The Monster book cover [1]Michael Hudson, The Monster: How a Gang of Predatory Lenders and Wall Street Bankers Fleeced America — and Spawned a Global Crisis. Times Books, 2010, 365 pp.

Every night, on almost every TV network, an assortment of low-lifes flash across our screens, robbing and terrorizing innocents and committing all sorts of other mayhem. These low-lifes that populate television’s police procedurals and legal dramas most typically hail from low-income haunts.

Not all TV’s evil-doers, of course, rate as down-and-outers. Crime shows give us miscreants from middle- and even upper-class precincts as well. But these affluents usually come across as fundamentally crazed, psychologically unhinged from the ebb and flow of normal daily existence.

In sum, TV teaches, the people who do us wrong either have some serious screws loose or don’t actually participate in our nation’s ordinary everyday economic life.

This daily TV diet of crime deceives and distorts, and mightily so. In reality, the sum total of crime committed by the sorts of characters TV defines as our criminal class — as measured either in dollars lost or lives destroyed — pales against the sum total of crime committed, in the course of normal U.S. economic life, by perfectly rational people who wear nice suits.
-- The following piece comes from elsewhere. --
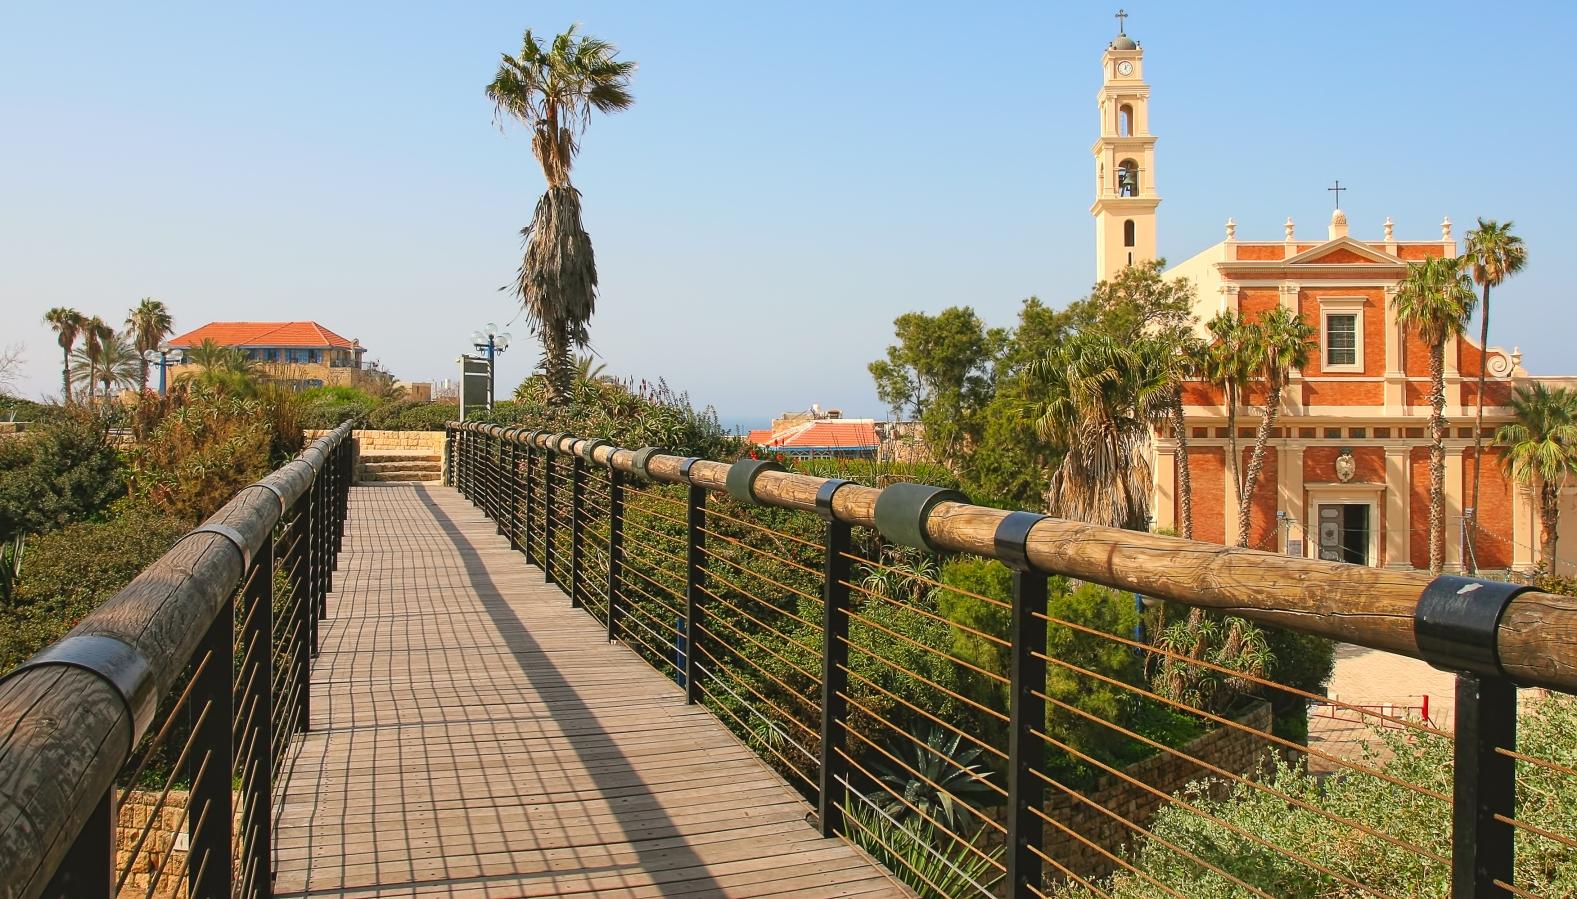 Wishing Bridge in Old Jaffa. Photo by Rostislav Glinsky via Shutterstock.com

Michael Hudson’s new book, The Monster [2], takes us where the TV crime shows never do, into “crime scenes” that range from mortgage loan storefronts to Wall Street investment bank executive suites.

Network TV producers apparently don’t see, in these scenes, enough dramatic tension — or comic relief — to sustain a compelling crime show. But the scenes of financial industry fraud Hudson describes would made plenty of must-see TV. 

How about a mortgage firm meeting where the bosses invite their top loan reps — the ones who’ve foisted the most high-cost refinancings onto the vulnerable elderly — to step inside a “money machine,” a booth outfitted with a blower that sends currency swirling up in the air? The lucky loan reps invited into the money machine get to keep all the money they can grab and stuff into their pockets.

Or how about subprime-happy bankers who wink as thugs beat up a public defender working to expose their chicanery? Or the mega-millionaire mortgage king who drives around in a gold Rolls-Royce? Or the financier who hires an all-female staff — to prevent any “interoffice romance” that might distract his underlings from a single-minded focus on money making?

signup [3]The Monster abounds in scenes like these, as author Hudson deftly traces the “rise and fall of two corporate empires,” the one a subprime mortgage mill known as Ameriquest, the other a Wall Street giant, the now-collapsed Lehman Brothers. Together, these two empires and their rivals spent years creating massive fortunes — for a select few — and massive misery for many millions.

Imagine what might happen if our TV screens, each and every evening, told the stories behind these fortunes and that misery, the stories former Wall Street Journal reporter Michael Hudson tells so well in The Monster. Would any lawmaker ever again dare dub taxes on the rich as attacks against “the successful”?

Who knows? Maybe they would. After all, as Michael Hudson won’t let us forget, the extraordinarily rich can get some people to do almost anything.